2025 is the Year of Evals! Just like 2024, and 2023, and … — John Dickerson, CEO Mozilla AI

Introduction and Background 00:00

  • The speaker, now CEO of Mozilla AI, was previously at Arthur AI, a company focused on observability, evaluation, and security in AI and ML.
  • Mozilla AI is committed to supporting open source AI tooling and empowering the open source community.

Why 2025 is the "Year of Evaluations" 00:43

  • The intersection of system autonomy, increased enterprise awareness, and previously frozen IT budgets now being directed toward AI projects is driving the importance of evaluations (evals).
  • AI/ML monitoring and evaluation are intrinsically linked, as measuring performance is necessary for both.
  • AI became broadly understood across the enterprise after ChatGPT's launch, coinciding with budget freezes that left only pet projects like GenAI funded.
  • The shift from ML models providing outputs to autonomous/agentic systems taking action increases the stakes for proper evaluation.

Evolution of Enterprise AI Investment 04:19

  • Prior to late 2022, ML monitoring was established but usually limited to technical teams; impact on business KPIs was often acknowledged but not deeply prioritized.
  • Selling AI/ML solutions often struggled to gain attention beyond CIOs, with budget and attention more often allocated to issues like security or latency.
  • Despite the narrative that a CEO could get fired over an ML blunder, this hasn't materialized, and overall investment numbers in AI at large organizations (e.g., JPMC’s $100M over several years) were relatively small.
  • Economic fears in late 2022 led to widespread IT budget freezes for 2023, which might have stalled innovation if not for the arrival of ChatGPT.

The ChatGPT Effect and Budget Shifts 07:38

  • ChatGPT's launch at the end of 2022 captured the attention of senior executives, who experienced AI firsthand and became advocates for AI-driven projects.
  • Discretionary budget was unlocked for GenAI projects, with most new project funding in 2023 directed to GenAI pilots and science projects.

Transition to Production and Scaling Concerns 09:33

  • By 2024, GenAI applications were moving into production in the form of internal chat apps, hiring tools, and more.
  • As deployments scaled, business leaders began focusing on ROI, governance, risk, compliance, and brand impact, necessitating strong evaluation frameworks.
  • CFOs now demand quantitative risk and performance estimates, further making evaluation a priority.

2025: Maturity, Adoption, and Opportunities for Evaluation 10:25

  • AI budgets are increasing, science projects are moving to production, and 2025 is expected to see scaling and broad enterprise adoption.
  • The pace of AI model and product development has accelerated, with open source, venture capital, and big tech all contributing.
  • AI systems are increasingly autonomous, making robust evaluation essential for risk mitigation and business alignment.

The New Enterprise Stakeholder Landscape 12:08

  • Evaluation is now a key topic at all levels of enterprise leadership: CEOs, CFOs, CISOs, CIOs, CTOs.
  • CEOs are more knowledgeable and engaged with AI, influencing CFOs and others to prioritize investment and discussion.
  • CISOs have already started adopting tools for security-specific concerns (e.g., hallucination detection, prompt injection).
  • CIOs and CTOs require standardized metrics for decision-making, promoting evaluation as industry best practice.

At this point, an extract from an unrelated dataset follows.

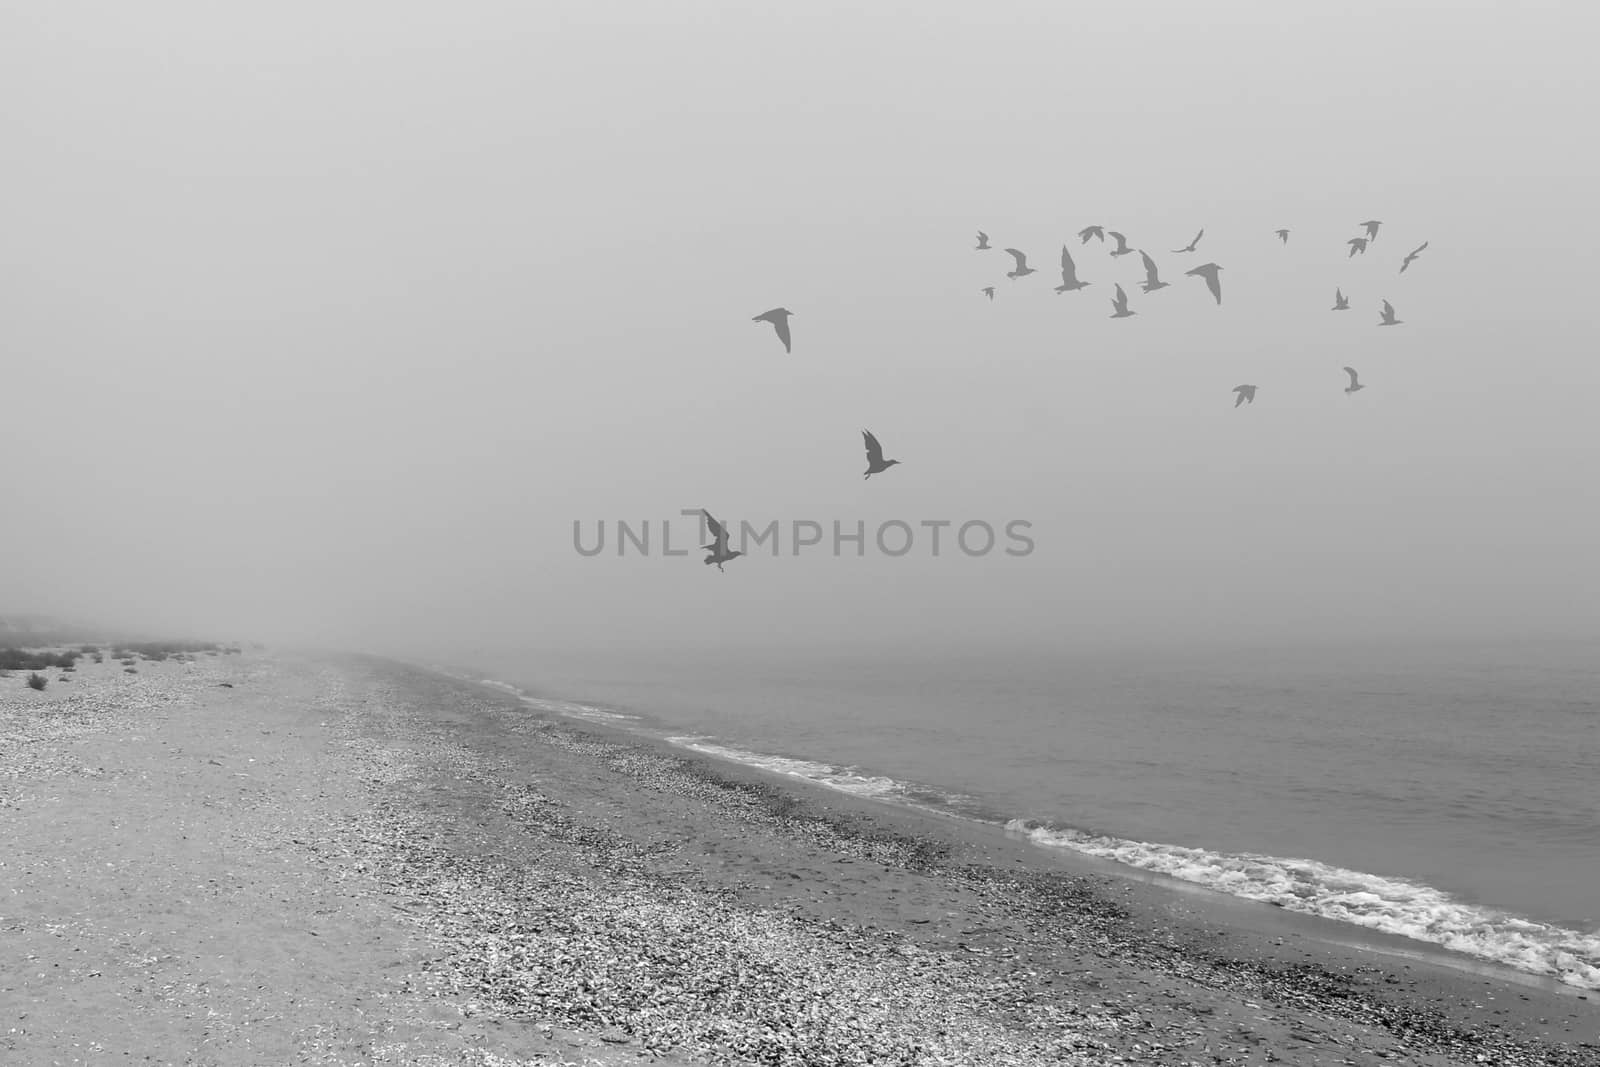 Seagulls in a fog by hibrida13

Monitoring Multi-Agent Systems and Industry Trends 14:48

  • Companies in monitoring, observability, and security have shifted focus to encompass multi-agent system evaluation.
  • Monitoring the entire system, not just individual models or agents, is increasingly being adopted by both industry and government.
  • Recent reports on startup revenue in the evaluation space are outdated; the field is growing faster than previous data suggests.

Challenges: Domain Expertise and Human-in-the-loop Evaluation 16:18

  • Evaluations in generative AI, especially for domains like finance, require human experts due to complex, unstructured tasks (e.g., discounted cash flow analysis).
  • Expensive expert validation is currently necessary, especially for high-stakes use cases.
  • The importance of high-quality datasets and evaluation environments is highlighted, with significant investment in these competitive assets.

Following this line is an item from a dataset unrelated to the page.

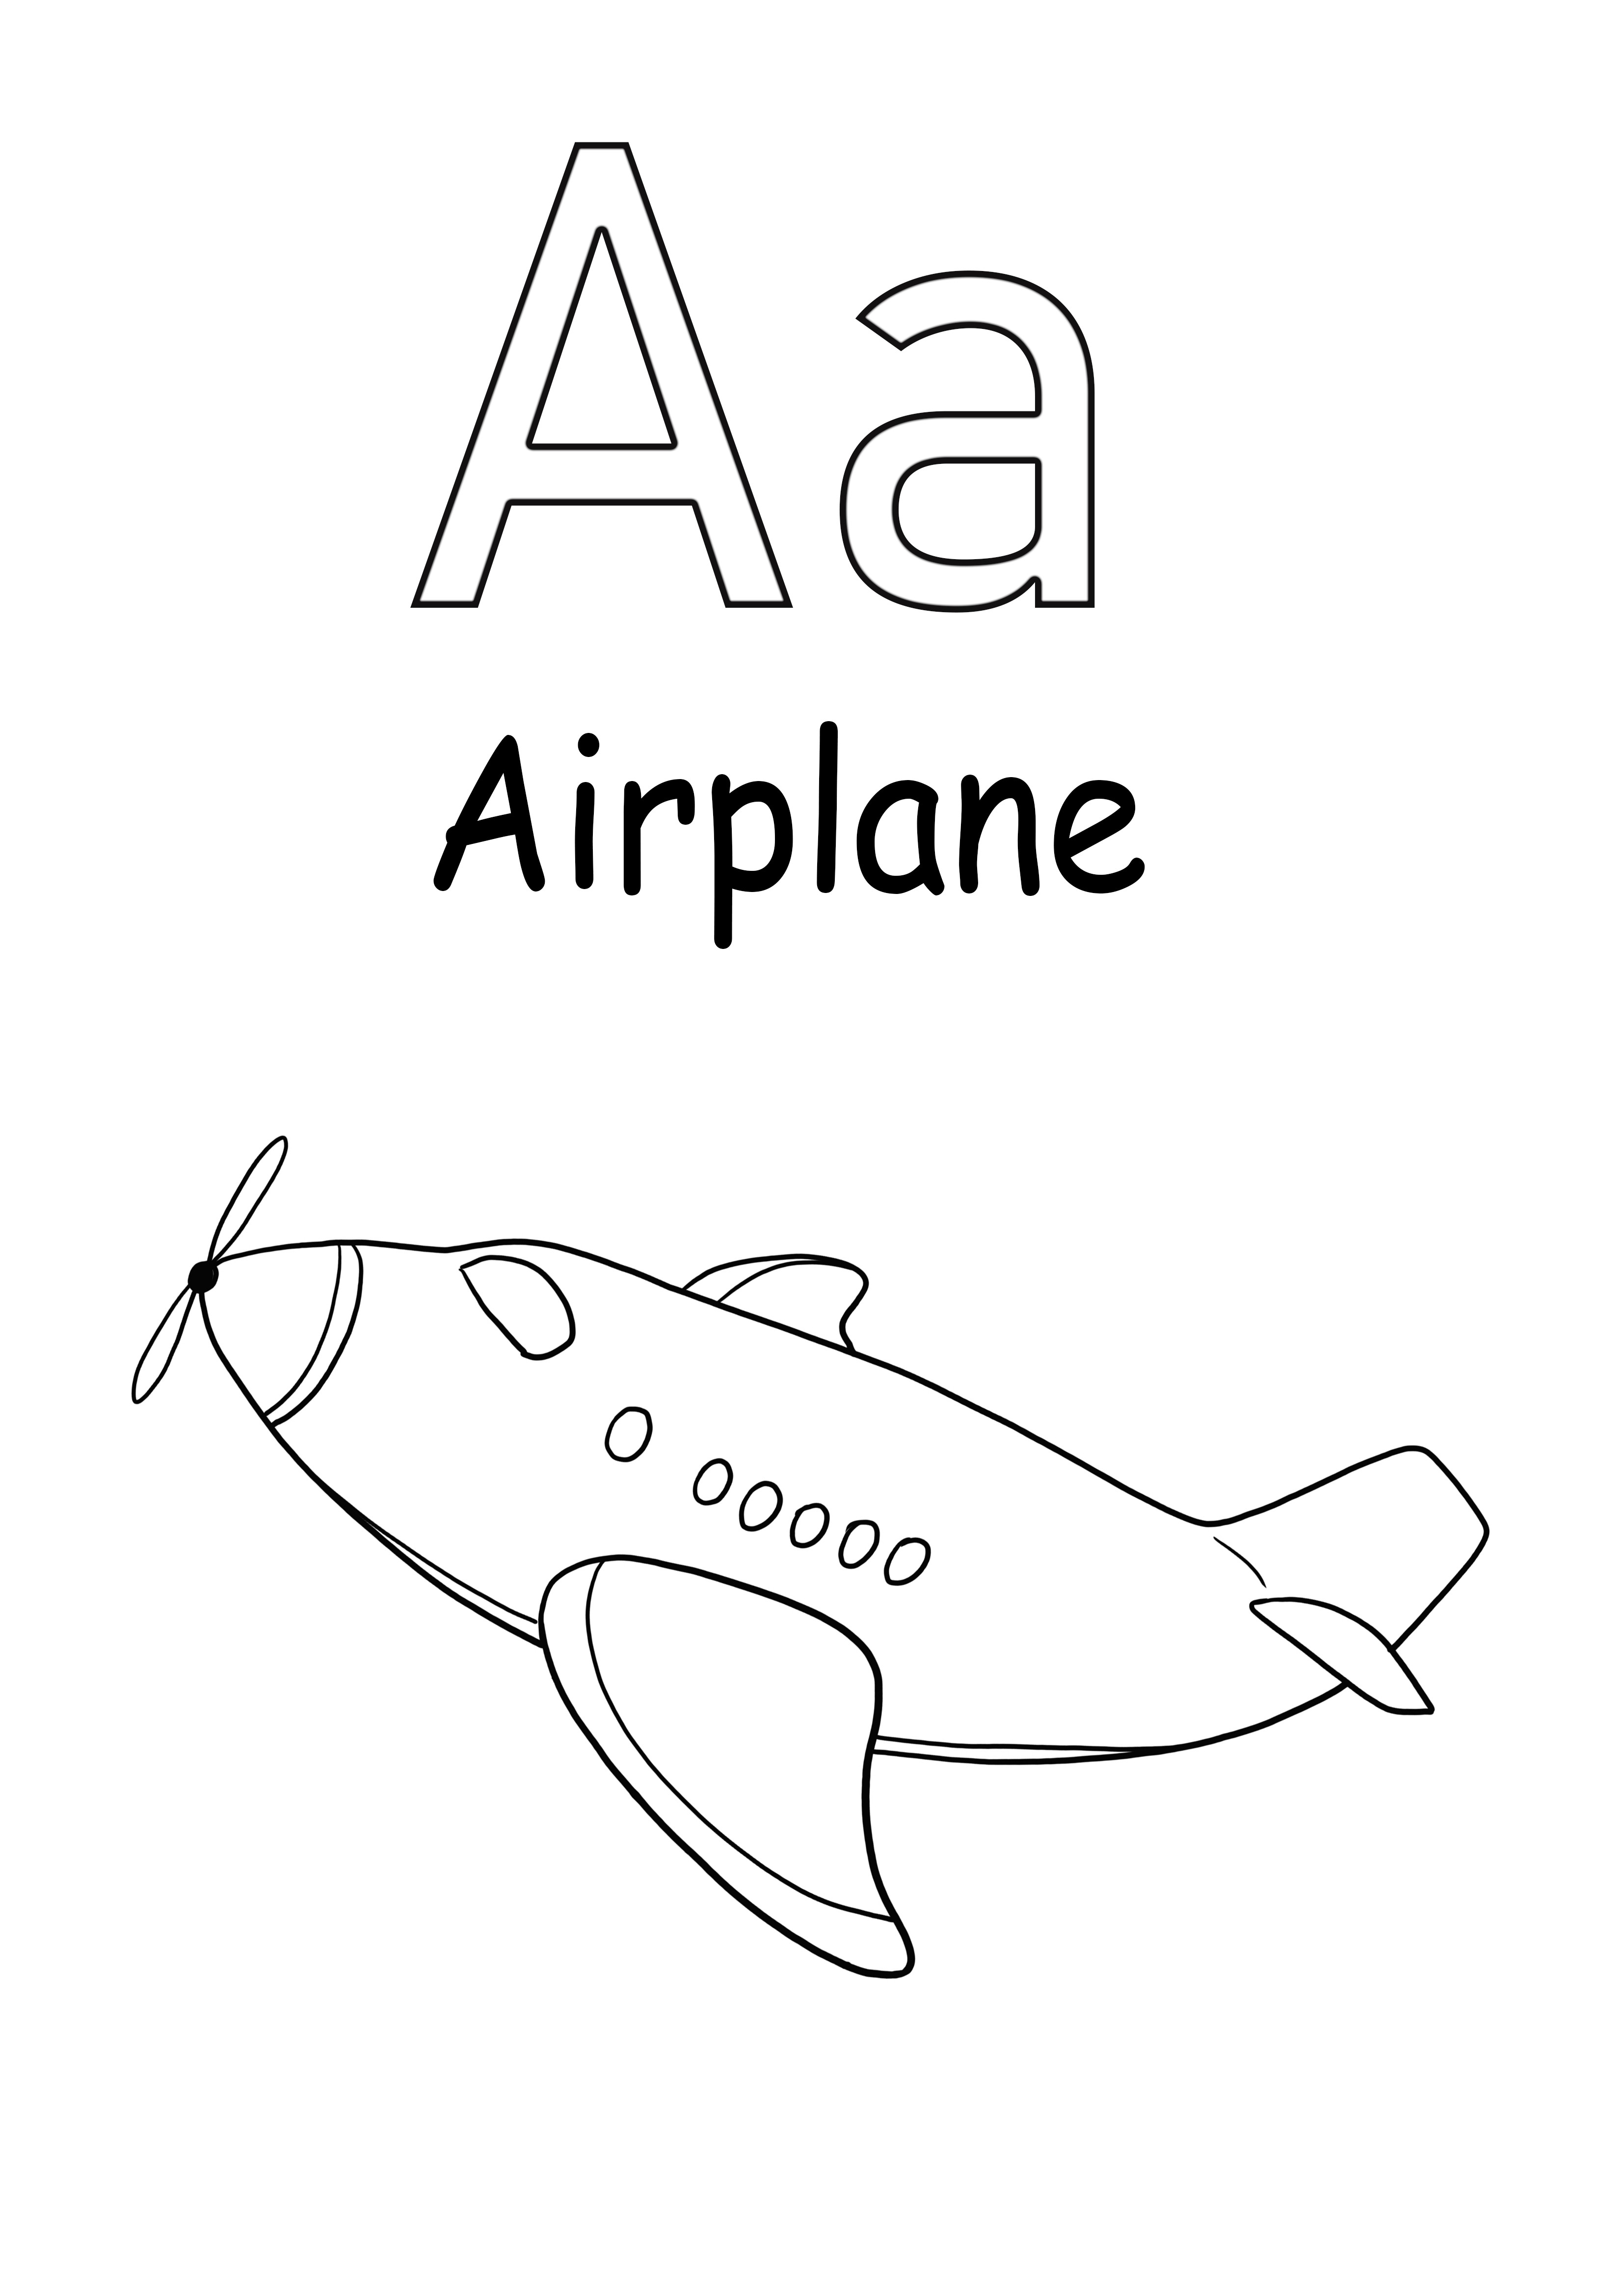 A è per l'aeroplano stampabile gratuitamente per la colorazione per i bambini

LLMs as Evaluators and Future Trends 18:17

  • Using LLMs as judges for evaluation (the "LLM as a judge" paradigm) is common practice, despite known biases compared to human evaluators.
  • LLM-based evaluation helps with dataset creation but requires careful validation to avoid propagating flaws or biases.
  • The field is actively researching and addressing these limitations, with human-in-the-loop validation currently essential.